3. Motivation and Design Rationale
There are operational motivations and security motivations for using
the MLS handshake to manage TLS shared secrets.
An operational motivation is the straightforward mechanism for shared
secret update that can be initiated by either the client or the
server. The initial shared secret is based on the client KeyPackage
and the server Welcome, which are carried in the TLS 1.3 ClientHello
and the ServerHello, respectively. The KeyPackage and Welcome are
specified in [RFC9420]. At any time during the TLS session, the
client or server can update the keying material in their LeafNode of
the MLS ratchet tree, which results in the computation of a fresh
epoch, including a fresh TLS shared secret.
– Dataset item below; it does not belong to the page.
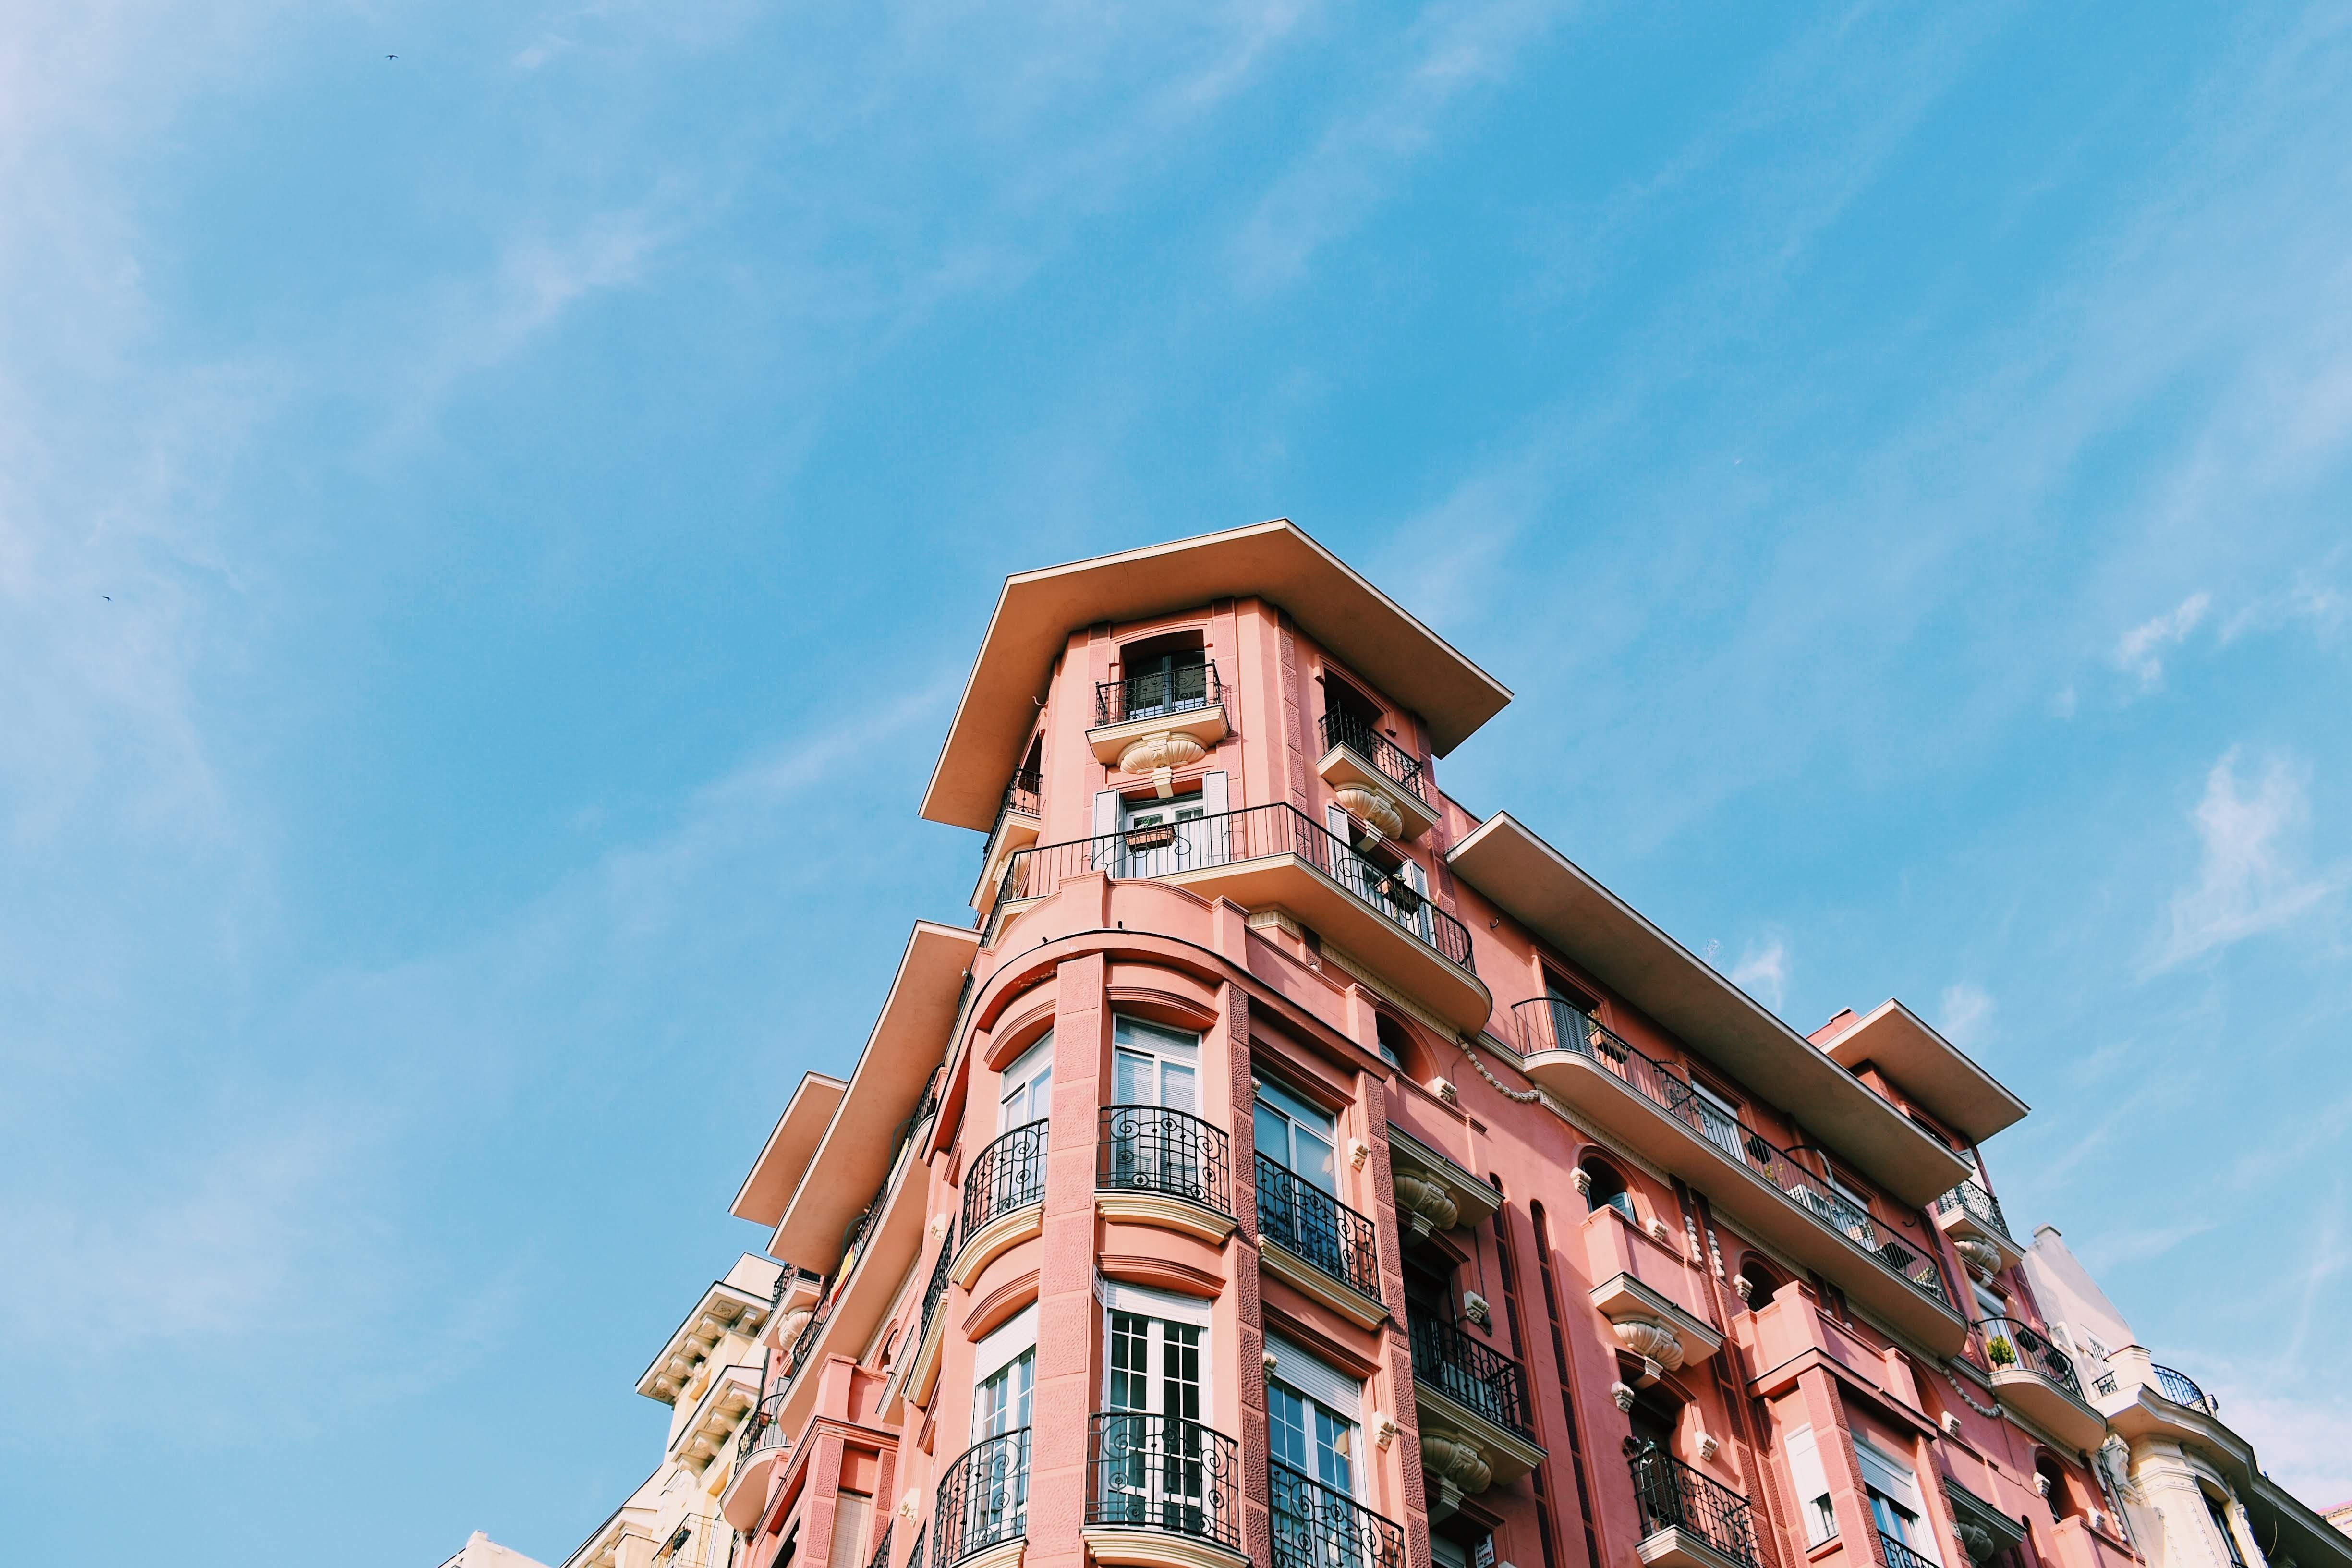 pink concrete building under blue sky

By discarding all stale
secret values, each epoch provides forward security and post-
compromise security.
To apply the MLS protocol in TLS 1.3, the client provide a
KeyPackage. In MLS, the KeyPackages are distributed by the Delivery
Service (DS), but in the TLS environment, the the client KeyPackage
is sent directly to the server in an extension in the ClientHello
message. Once the TLS session is established, the client or server
can provide an update to the keying material in their LeafNode in a
mls_handshake message as specified in Section 6. Each KeyPackage is
intended to be used only once. Reuse of KeyPackages can lead to
replay attacks.
A security motivation is the ability to obtain both forward secrecy
and post-compromise security, especially for long-lived TLS sessions.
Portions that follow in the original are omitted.